Покидая город, они словно вырывались из пылающего костра, ночь была черной, а луна белой, и красное постепенно отхлынуло от глаз Эмили-Габриель. Но, крепко зажатый в руке, Большой Гапаль светился между пальцами невидимым огнем. Большой Гапаль жил: он был горячим, и его жар поднимался по рукам Эмили-Габриель, согревая ее сердце; он был ледяным, и жизнь уходила из ее тела. Словно сквозь плотный туман она слышала громыхание кареты по мостовой, под открытым небом, смутно различала тени спутников, сидевших перед нею. Порой она испытывала такую слабость, что, казалось, вот-вот покинет этот мир, но едва лишь начинала она исчезать, как жар камня возвращал ее к жизни. Сотню раз представлялось ей, что она уходит, сотню раз возвращалась она, вопреки своей воле. Собственное тело, словно хмельное, не слушалось ее, в нем теснились ощущения сильные и противоречивые, это было похоже одновременно и на необоримый обморок, и на самое неистовое сладострастье.
Откинув голову на подушки, она больше не принадлежала себе. Лунные лучи светили ей прямо на голову, которая словно отделилась от тела и была похожа на главу щита, которыми воины потрясают по окончании битвы, или на те внушающие страх лики, которые герои велят выбить в бронзе на своих гербах.
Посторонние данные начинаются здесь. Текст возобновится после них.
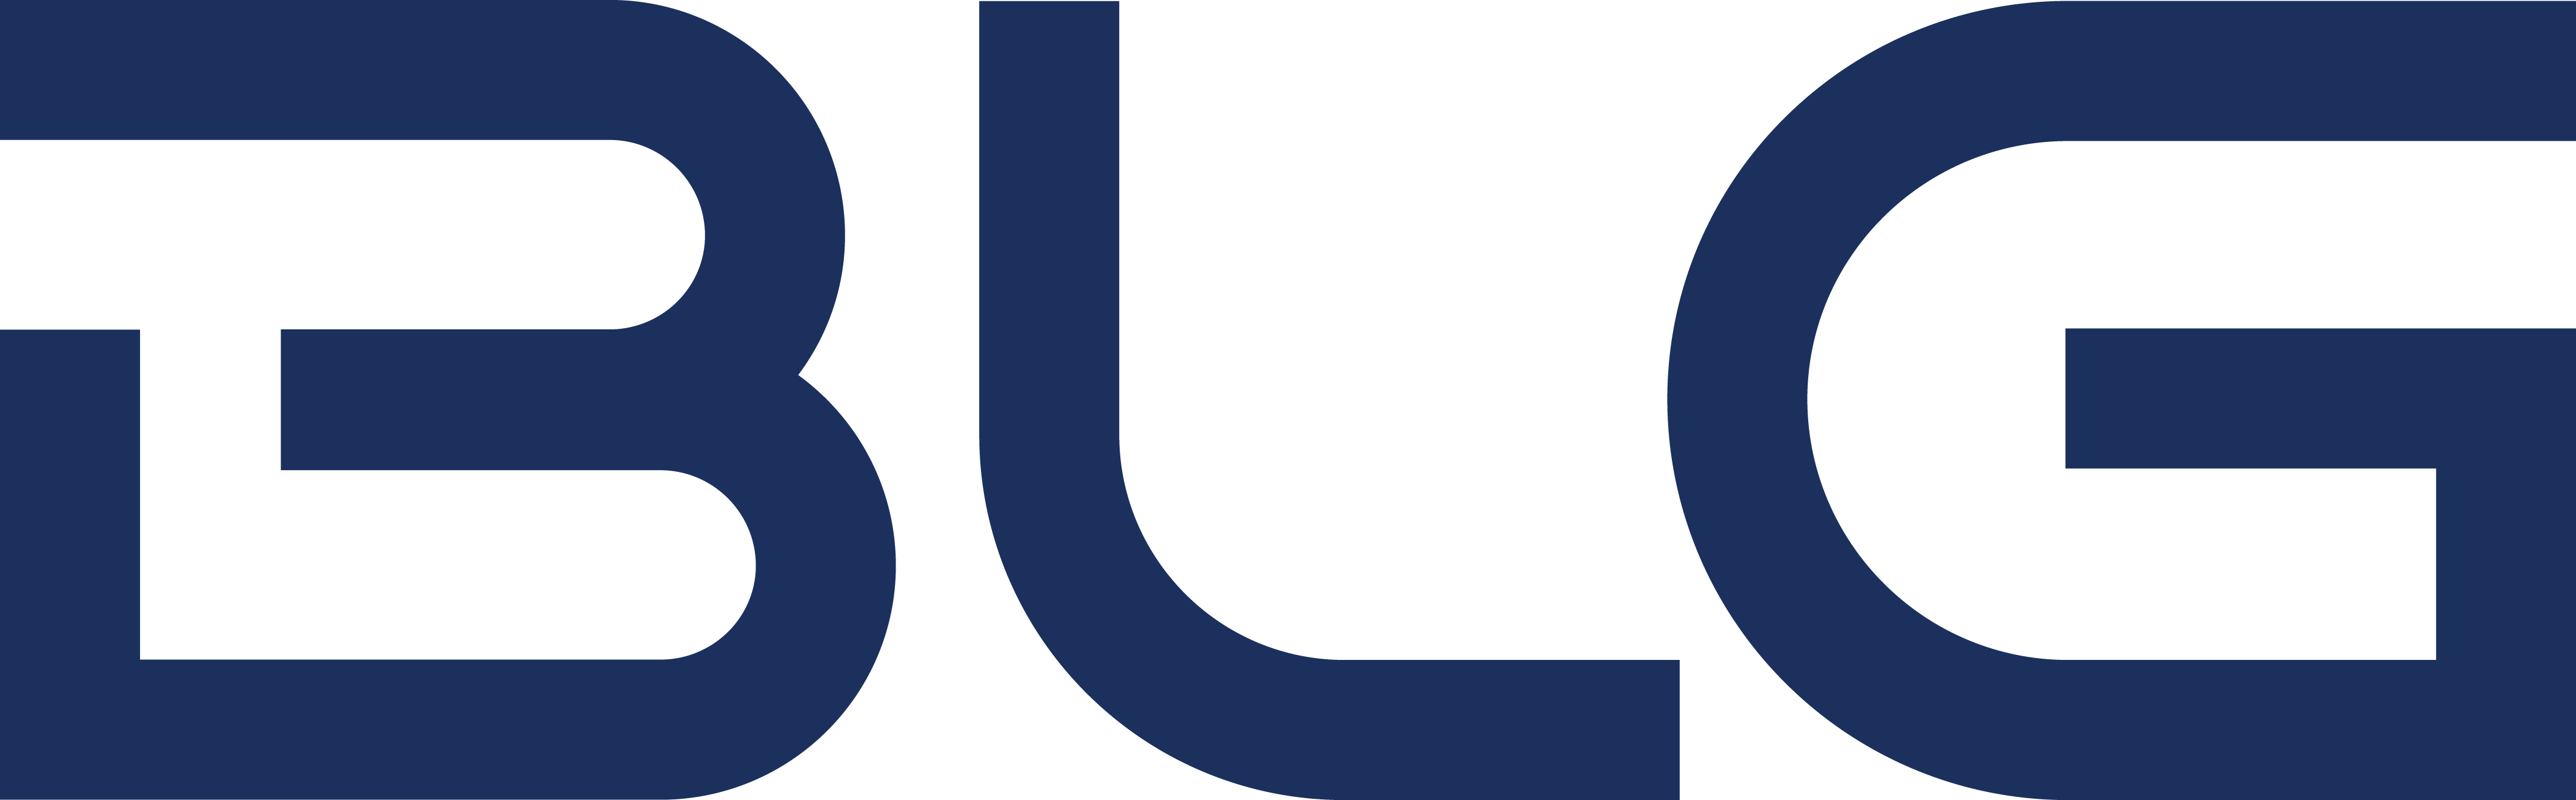 BLG_Letters_Logo_Blue_RGB_HR.PNG

Лицо ее было одновременно ужасающим и трагическим, и спутники по несчастью, поскольку им пришлось сидеть как раз напротив, поневоле вынуждены были лицезреть эту застывшую, бескровную маску смерти или голову Кормилицы в наморднике, тоже внушавшую ужас. Их сердца, оставшиеся, несмотря ни на что, человеческими сердцами, и души, переполненные обычными, людскими страхами, трепетали, словно перед ними внезапно открылось видение преисподней.
Господин де Танкред, предпочитавший удовольствия печалям и не знавший себе равных в этих самых удовольствиях, что вкушают в тени вишневых деревьев, не мог распознать на лице своей юной хозяйки того восторга, что приносит небесная любовь. Он пытался прервать мрачные размышления, напомнить Эмили-Габриель об их восхитительных играх. Он убеждал ее в своей неизменной верности, что и так была очевидна, клялся, что с завтрашнего дня все будет, как прежде. Он говорил привычными словами о том, что они чувствовали и переживали вместе. Но Эмили-Габриель в этих обычных словах больше не способна была узнать ни упоительного бега по лесам, ни прыжков в саду геометрии, ни тех забавных уроков, что преподал он ей, научив смотреть на страницы с обратной стороны. Хуже того, рассказывая ей все это, господин де Танкред словно стирал до последней, мельчайшей черточки все ее воспоминания.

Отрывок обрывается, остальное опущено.